ABYSS is a national, multicenter, randomised, open label trial using the PROBE study design, that will evaluate the non-inferiority of the interruption of ΒB therapy after an uncomplicated MI after six months or more of follow-up compared to the continuation of βB evaluated by the primary endpoint or death, MI, Stroke and rehospitalization for others cardiovascular reasons.

Detailed Description

Despite the outstanding progress made in cardiac care over the last few years, cardiovascular diseases remain the leading cause of morbidity and mortality in developed countries.

After the initial clinical event, patients are considered to have a chronic disease which combined with the increasing actual life expectancy patients with CAD are a major source of expenses due to their life-long treatment and follow-up.

ΒB are prescribed during the initial hospitalisation for MI and in the post-MI phase.
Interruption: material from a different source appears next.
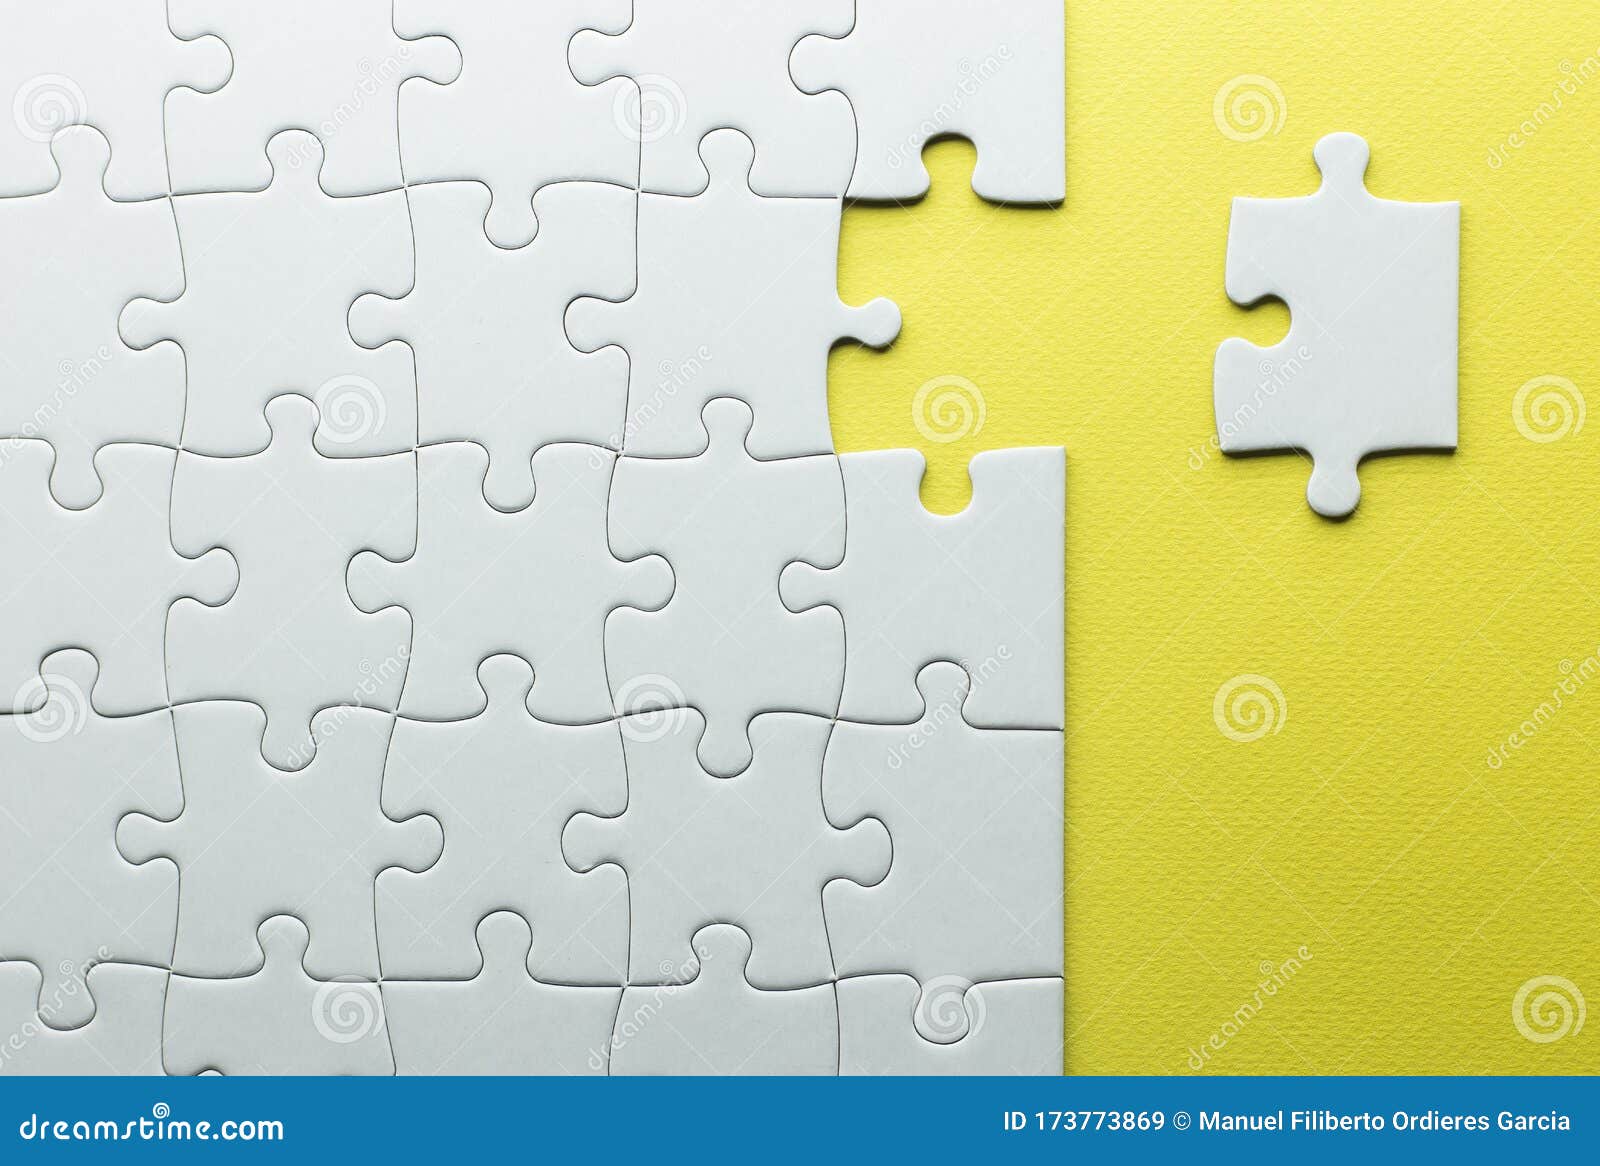 A Missing Piece To Complete a Puzzle, White Pieces on a Yellow Textured  Background Stock Image - Image of jigsaw, idea: 173773869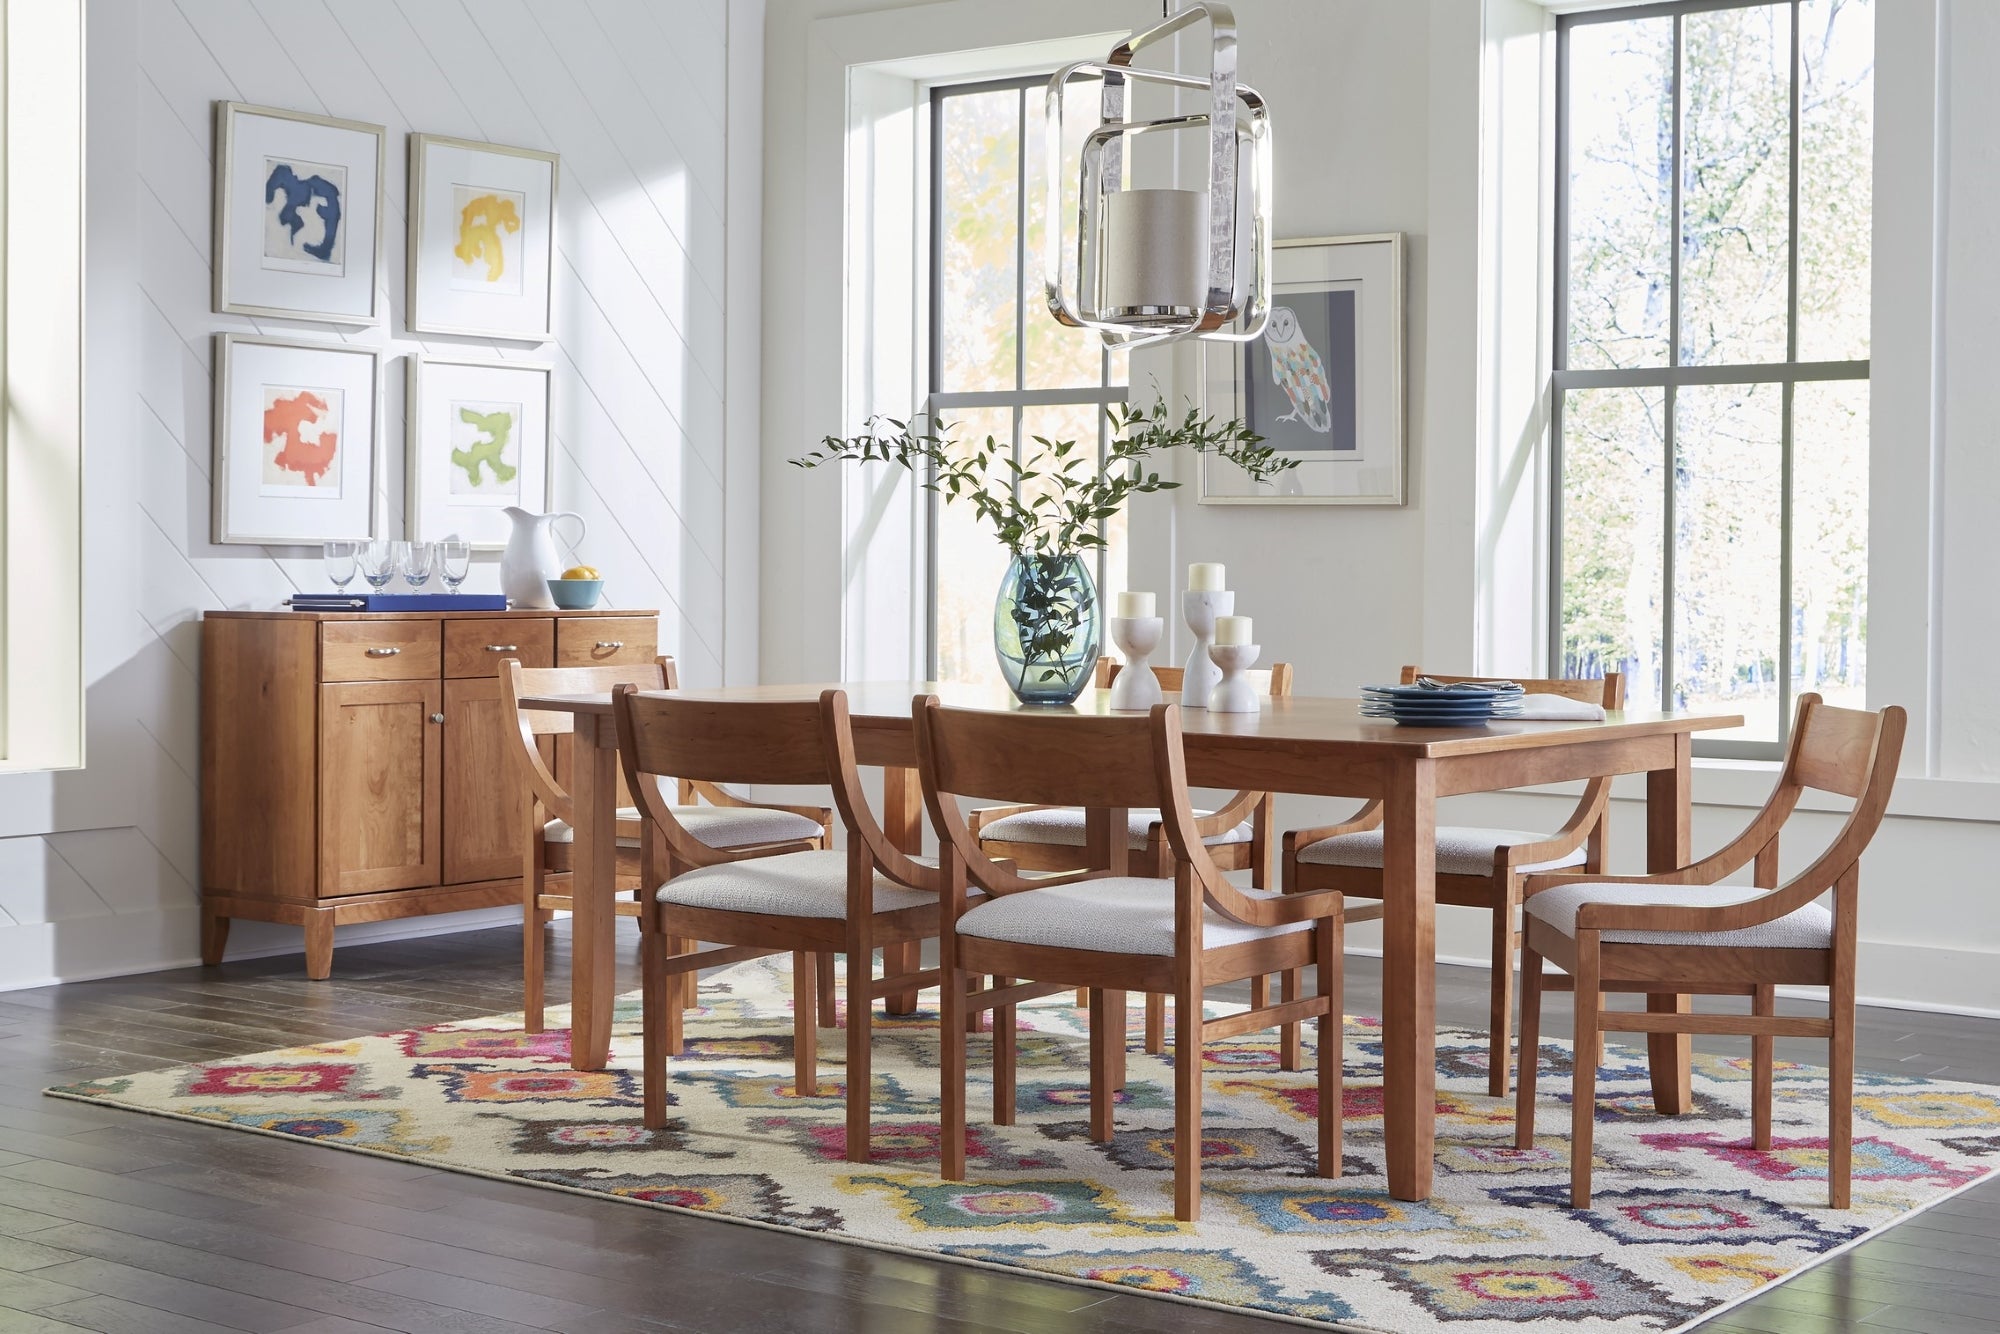 Large medium wood dining table surrounded by matching dining chairs and flanked by a matching medium wood credenza

European (European Society of Cardiology, ESC) and American (ACC/AHA) guidelines initially gave βB therapy a class I recommendation for MI or acute coronary syndrome (ACS) for the first year of treatment and extended such recommendation without solid data up to 3 years after MI , . However, there has been no recent clinical trial to evaluate safety and efficacy of long term ΒB therapy in the contemporary therapeutic era. Taking such lack of evidence in account and acknowledging that clinical practice has changed, the latest ESC STEMI (2014) and NSTEMI (2015) Guidelines degraded the recommendation for the use of ΒB in post MI patients (Class IIa B) during the hospitalization period and they question the validity of its use after the initial stabilization phase. This was confirmed in the 2017 STEMI Guidelines.

The primary objective of the ABYSS trial is to demonstrate the non-inferiority of the interruption of ΒB therapy after an uncomplicated MI after six months or more of follow-up compared to the continuation of βB evaluated by the primary endpoint.

The primary endpoint of the study will be evaluated, with one-year minimum follow-up, and will be the composite of Major Adverse Cardiovascular Events (MACE) measured at the longest follow-up including:

* All-cause death

* Stroke

* Myocardial infarction Hospitalisation for other cardiovascular (CV) reason.

It is expected that the interruption of βB therapy will not alter the prognosis of patients and improve safety and quality of life of patients and considerably reduce healthcare direct or indirect costs.

Study Timeline

• Study First Submitted: 2018-03-21
• Study First Submitted QC: 2018-04-06
• Study First Posted: 2018-04-13
• Study Start: 2018-08-29
• Primary Completion: 2023-10-31
• Study Completion: 2023-10-31
• Status Verified: 2023-11
• Last Update Submitted: 2023-11-30
• Last Update Posted: 2023-12-06

Recruitment & Eligibility

• Status: COMPLETED
• Sex: All
• Target Recruitment: 3700

Inclusion Criteria

Not provided

Exclusion Criteria

• Subjects presenting with any of the following will not be included in the study:

  1. Uncontrolled arterial hypertension according to investigator decision
  2. Prior episode of heart failure in the past two years of follow-up and/or low left ventricular ejection fraction <40% requiring the use of βB;
  3. New ACS (in the past 6 months) including UA/NSTEMI and STEMI;
  4. Persistent angina or ischemia (>10% viable myocardium) requiring the use of βB;
  5. Prior episode of ventricular or supraventricular arrhythmia in the past year of follow-up requiring the use of ΒB;
  6. Treatment with other investigational agents or devices within the previous 30 days, or previous enrolment in this trial.
  7. Pregnant Women or breast feeding women
  8. Patient under legal protection (protection of the court, or in curatorship or guardianship).

Study & Design

• Study Type: INTERVENTIONAL
• Study Design: PARALLEL

Arm && Interventions

Group	Intervention	Description
Continuation of the Betablockers (βB)	Continuation of the Betablockers (βB) treatment	1850 post-MI patients treated with chronic βB treatment will be continued under their usual βB treatment without modification.
Discontinuation of the Betablockers (βB)	Beta-blockers withdrawal	1850 post-MI patients treated with chronic βB treatment will undergo withdrawal of their βB treatment..

Primary Outcome Measures

Name	Time	Method
The composite of Major Adverse Cardiovascular Events (MACE)	Through study completion, with a minimum of 1 year	Will be evaluated with one-year minimum follow-up and will be the composite of Major Adverse Cardiovascular Events (MACE) including: * All-cause death; * Myocardial infarction (MI); * Stroke; * Hospitalisation for any cardiovascular (CV) reason.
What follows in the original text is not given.